Consistent Answers of Conjunctive Queries on Graphs

TL;DR

This paper investigates the computational complexity of obtaining consistent answers for Boolean conjunctive queries on directed graphs with a single binary relation, revealing a dichotomy between first-order expressibility and polynomial-time solvability.

Contribution

It extends prior work by analyzing conjunctive queries involving a single binary relation, establishing a clear complexity dichotomy for consistent answer computation.

Findings

Either the problem is first-order expressible or polynomial-time solvable.

Provides a complete classification for queries on directed graphs with a single binary relation.

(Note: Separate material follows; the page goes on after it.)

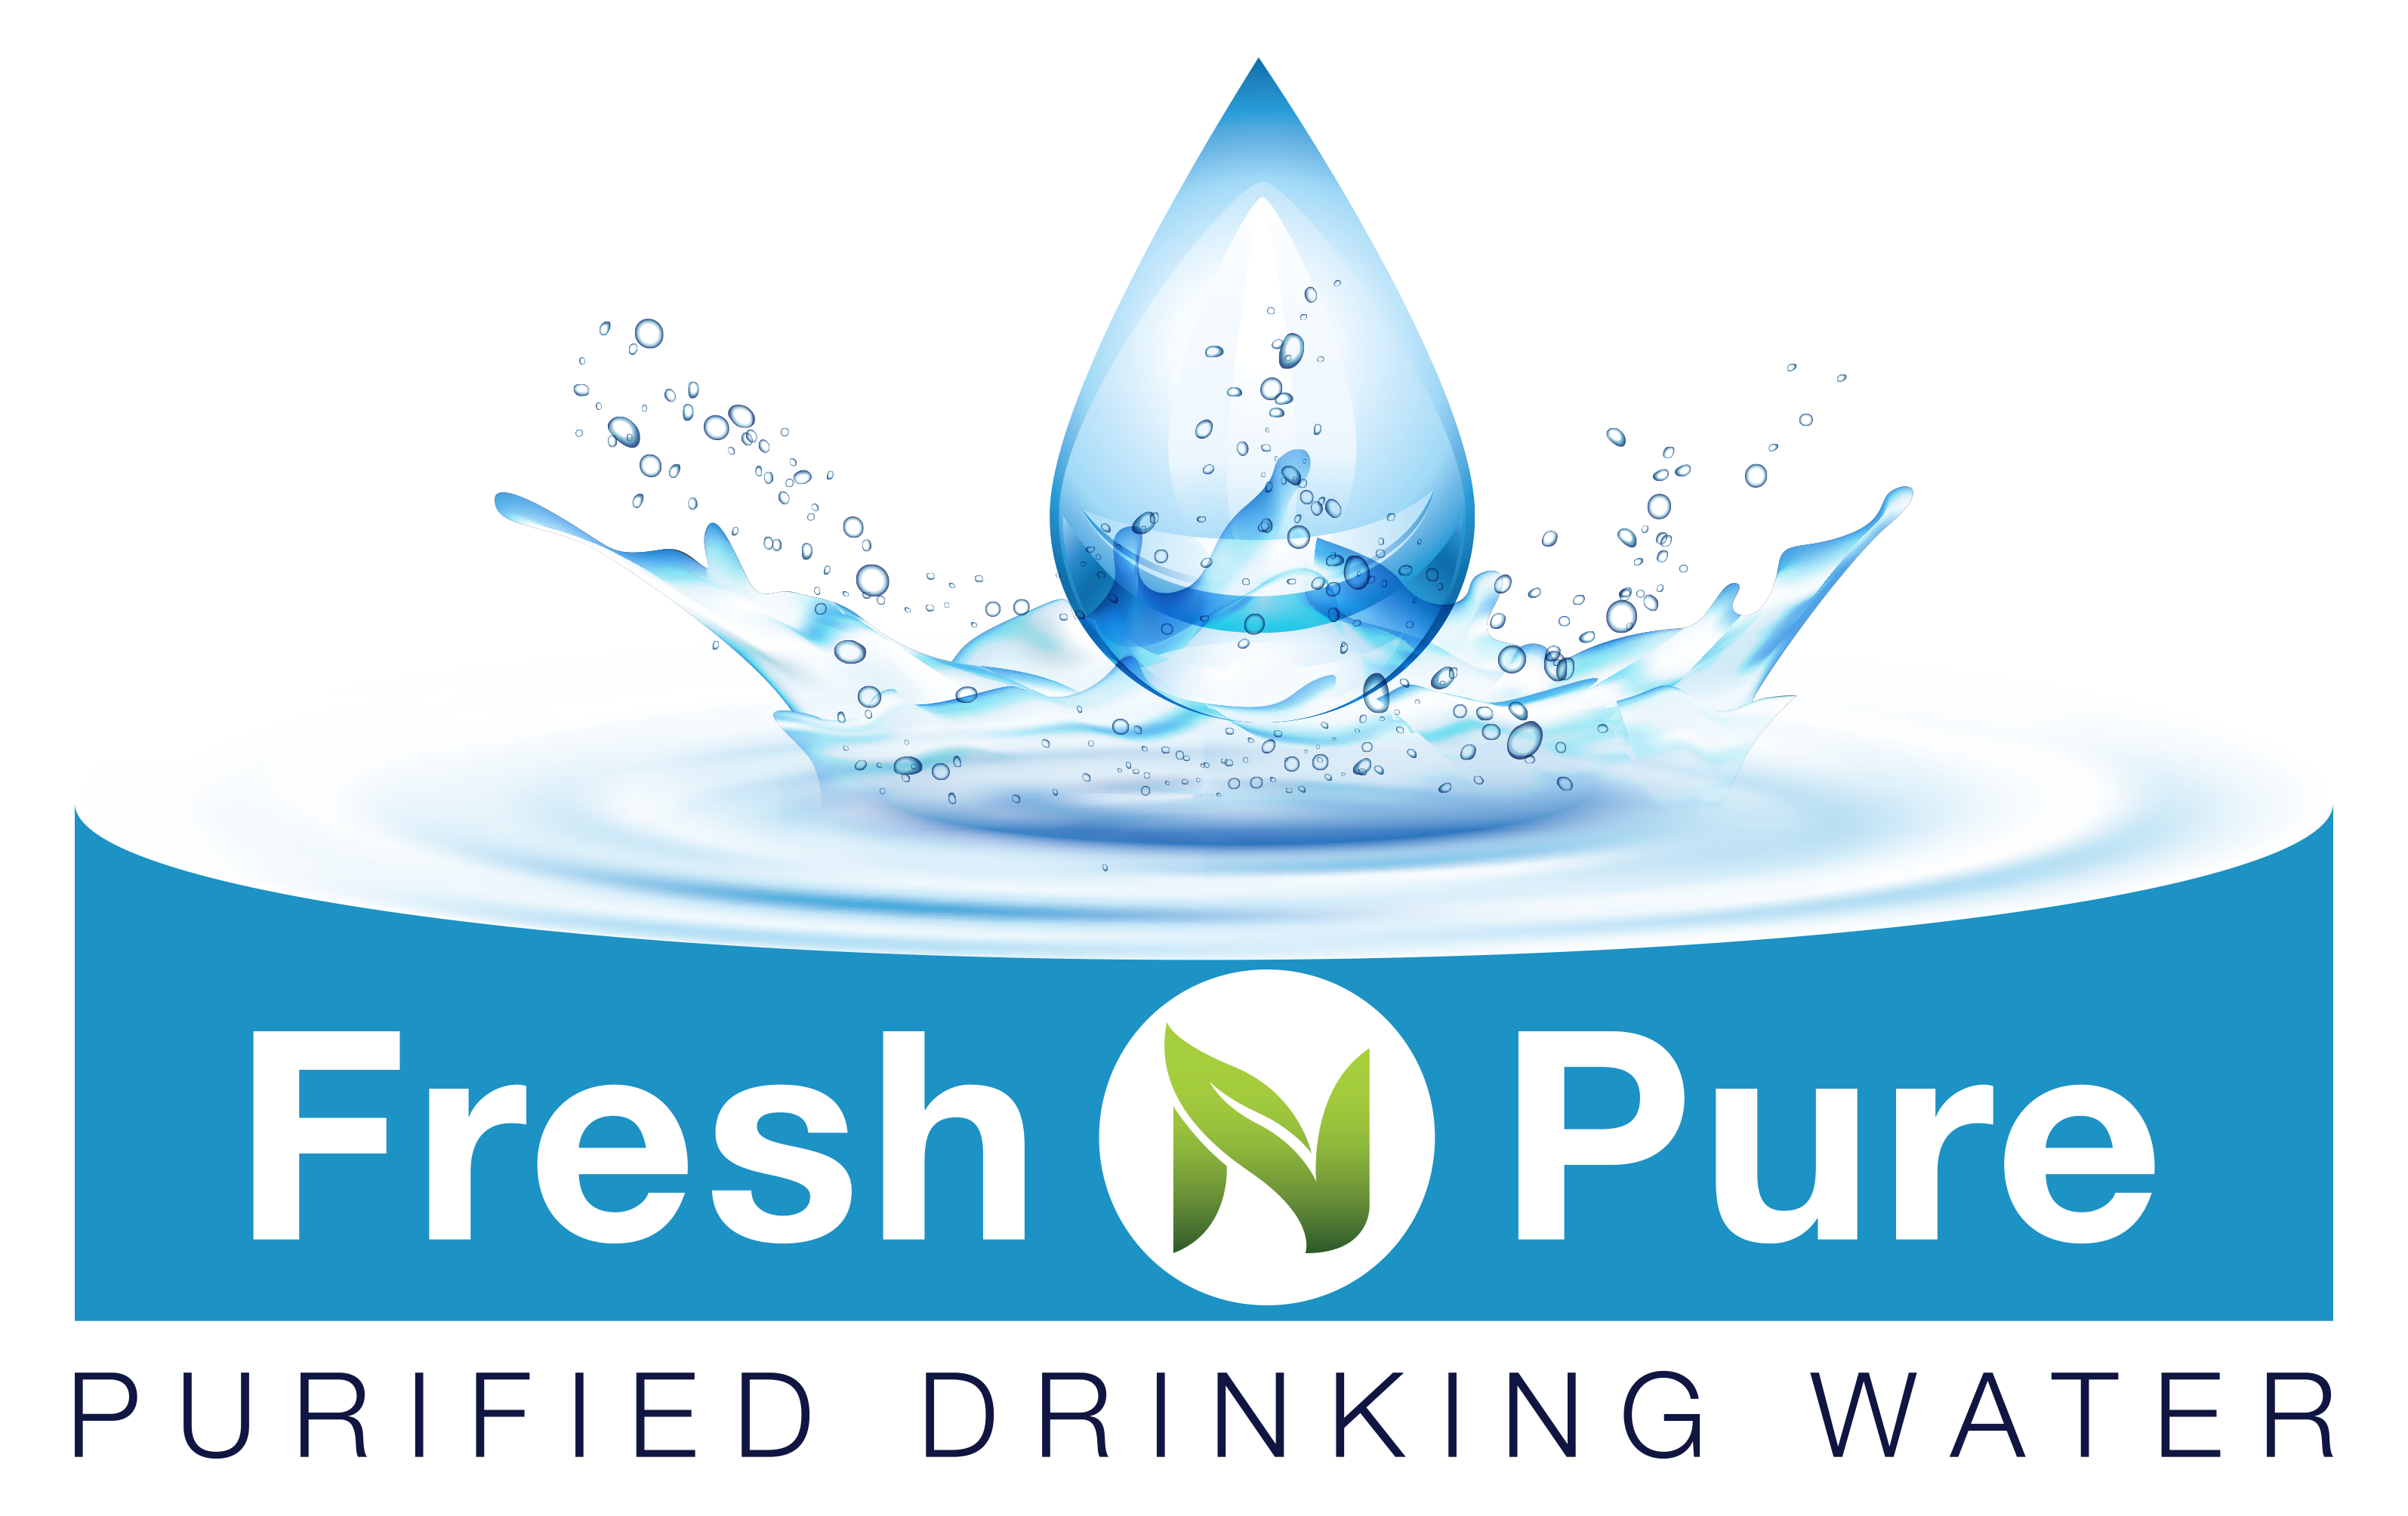 Fresh n pure water UK

Advances understanding of query answering under key constraints in graph databases.

Abstract

During the past decade, there has been an extensive investigation of the computational complexity of the consistent answers of Boolean conjunctive queries under primary key constraints. Much of this investigation has focused on self-join-free Boolean conjunctive queries. In this paper, we study the consistent answers of Boolean conjunctive queries involving a single binary relation, i.e., we consider arbitrary Boolean conjunctive queries on directed graphs. In the presence of a single key constraint, we show that for each such Boolean conjunctive query, either the problem of computing its consistent answers is expressible in first-order logic, or it is polynomial-time solvable, but not expressible in first-order logic.